In the training cohorts and the entire TCGA cohort, univariate Cox regression analysis demonstrated a significant correlation between CDGS mutations and OS (p-value < 0.001). Upon adjusting for age, gender, and cancer stages using multivariate Cox regression analysis, CDGS mutations remained an independent predictive factor for prognosis (Fig. 7B and Fig. S6B). These findings underscore the robustness of CDGS mutation status as an independent prognostic indicator for the pan-cancer cohort, further supporting its clinical relevance in prognostic assessment. Comparative analysis of clinical characteristics revealed that patients categorized as high-risk had significantly higher ages and a greater proportion of advanced stage categories (stage M, T, N, and TNM) compared to the low-risk group (Fig. 7C and Fig. S6C). Stratification analysis further demonstrated that CDGS mutation status effectively stratifies patients into high- and low-risk groups in the same stratum of age, gender, and various cancer stages (N, M, T). Across each stratum, patients in the high-risk group consistently showed poorer OS outcomes (Fig. 7D and Fig. S6D). These findings highlight the prognostic utility of CDGS mutations across diverse clinical contexts and its potential as a predictive biomarker in prognosis for the pan-cancer cohort.
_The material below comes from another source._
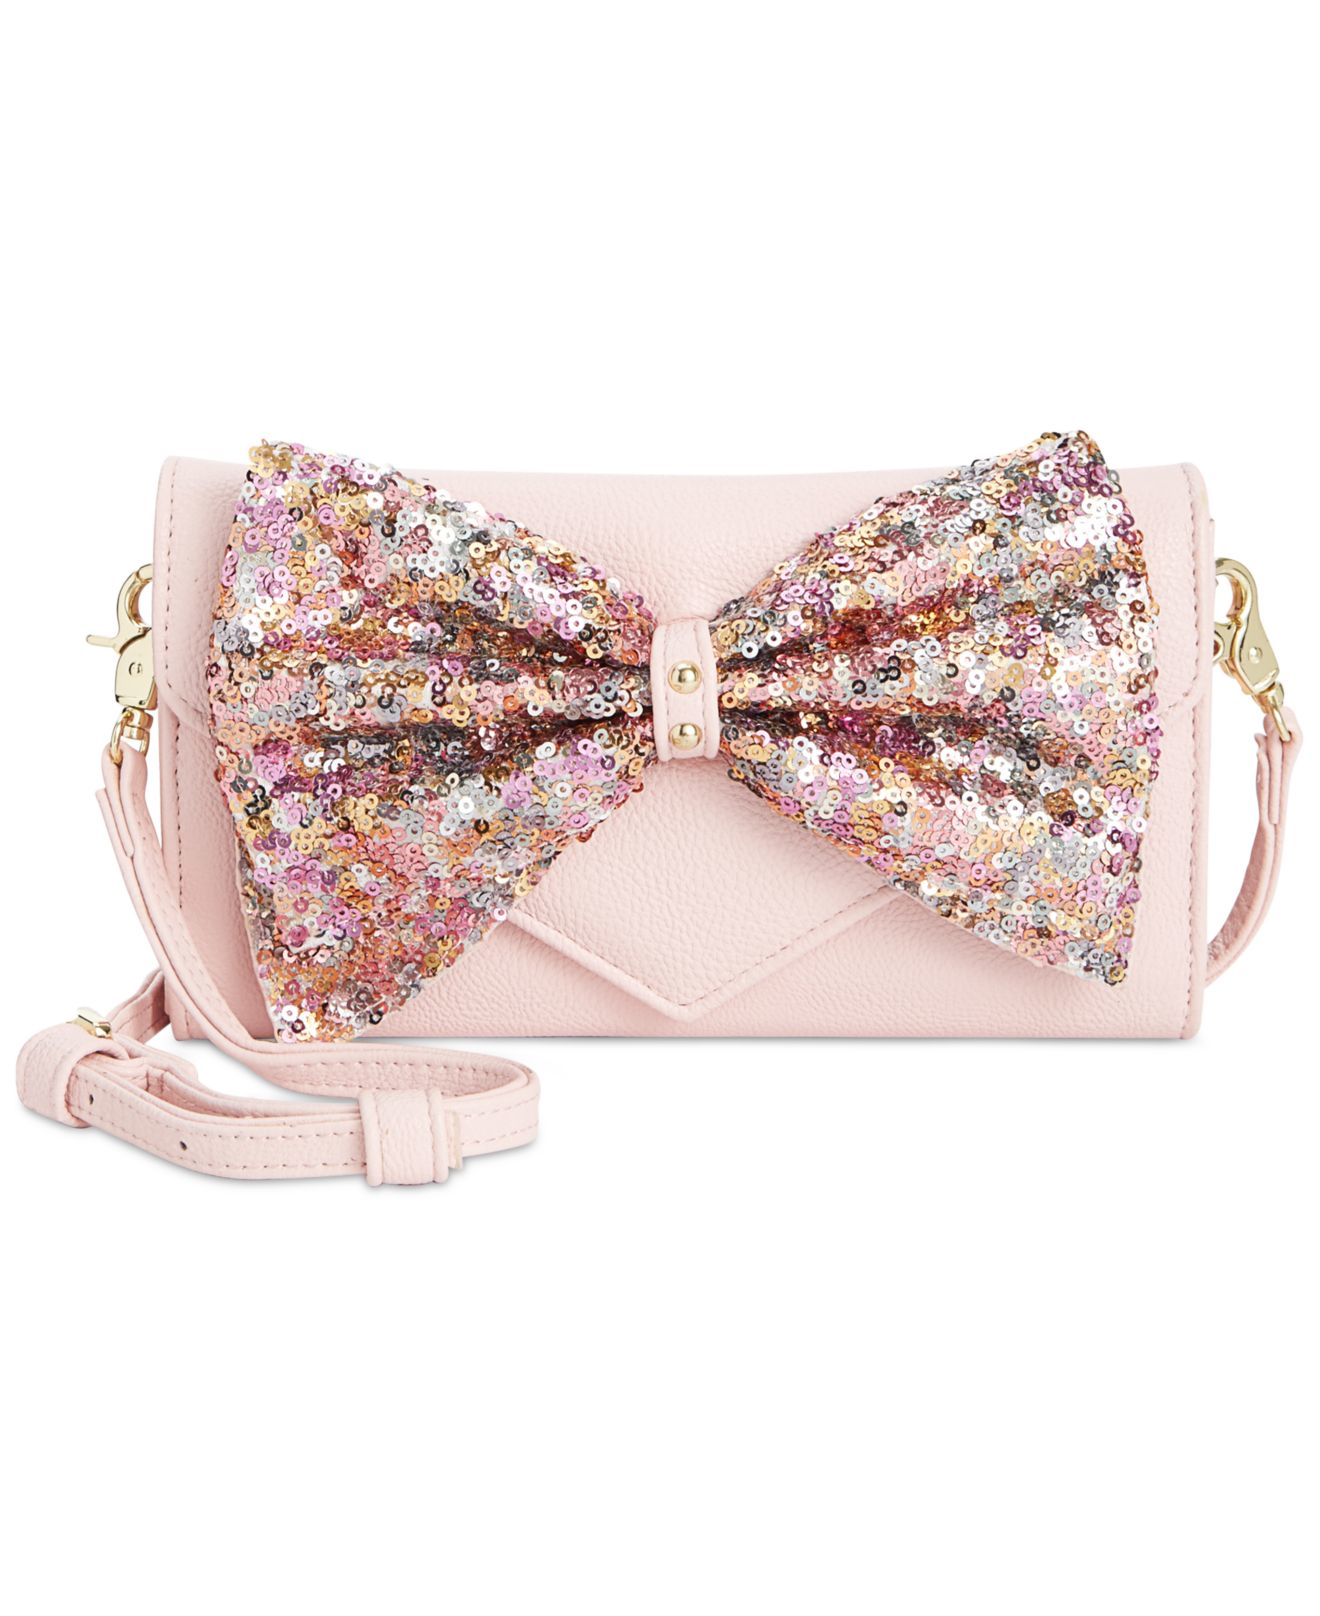 Betsey Johnson Macy's Exclusive Bow Sequin Wallet Crossbody in Pink

Predictive potential of CDGS mutations in immunotherapy outcomes for pan-cancer patients

Carcinogenesis is driven by interactions between genetic mutations and the local tumor microenvironment58. Mutations in CDGS impacted immune-related domains, such as I-set domain (Fig. 4E), and activated hallmark pathways associated with immune or immune response (Fig. 6D). Therefore, we compared the immune characteristics between high- and low-risk groups in the entire TCGA cohort containing 25 cancer types. We assessed immune cell infiltrations by CIBESORT and found that 19/22 immune cell abundances were significantly different between these two groups (Fig. S7A). Patients in the low-risk group showed a predominance of various immune cells at the tumor site, including a higher degree of infiltration by M0 macrophages, naïve B cells, activated CD4+ memory T cells, and so on. In contrast, the high-risk group exhibited increased levels of immunosuppressive cells, such as M2 macrophages, activated NK cells, and neutrophils (Fig. 8A). To validate the accuracy of CIBESORT results, we employed the ssGSEA approach to quantify the enrichment levels of 28 immune signatures from He et al.59 (Fig. S7B). The distribution of 14 immune cell types according to immune infiltration scores generated by Danaher et al.60 was also evaluated (Fig. S7C). Consistently, patients in the high-risk group displayed a significantly higher infiltration of immunosuppressive cells, including M2 macrophages, dendritic cells, regulatory T cells, and Th1 cells. Additionally, MCPcounter analysis revealed that the high-risk group exhibited a significantly greater abundance of fibroblasts (Fig. 8B). Cancer-associated fibroblasts have recently been identified as key promoters of immune evasion61. This suggests that fibroblasts may facilitate extrinsic immune escape in patients within the high-risk group.

Fig. 8: Immune profiles of high- and low-risk in 25 cancer types from the TCGA.
Fig. 8: Immune profiles of high- and low-risk in 25 cancer types from the TCGA.
Full size image

A Comparison of immune cells estimated by CIBERSORT in high-risk relative to low-risk groups. B Comparison of fibroblast infiltration estimated by MCPcounter in high-risk relative to low-risk groups. C Comparison of enrichment scores of oncogenic pathways in high-risk relative to low-risk groups. Comparison of (D) LAG3; (E) PD-L1; (F) PD-1; and (G) CTLA-4 expression in high-risk relative to low-risk groups. The proportion of patients responding to ICI therapy and Kaplan–Meier survival curve of high- and low-risk groups for the (H). training cohort; (I) testing cohort; (J) Allen et al. cohort; (K) Miao et al. (PMID 29301960) cohort; and (L) Miao et al. (PMID 330150660) cohort.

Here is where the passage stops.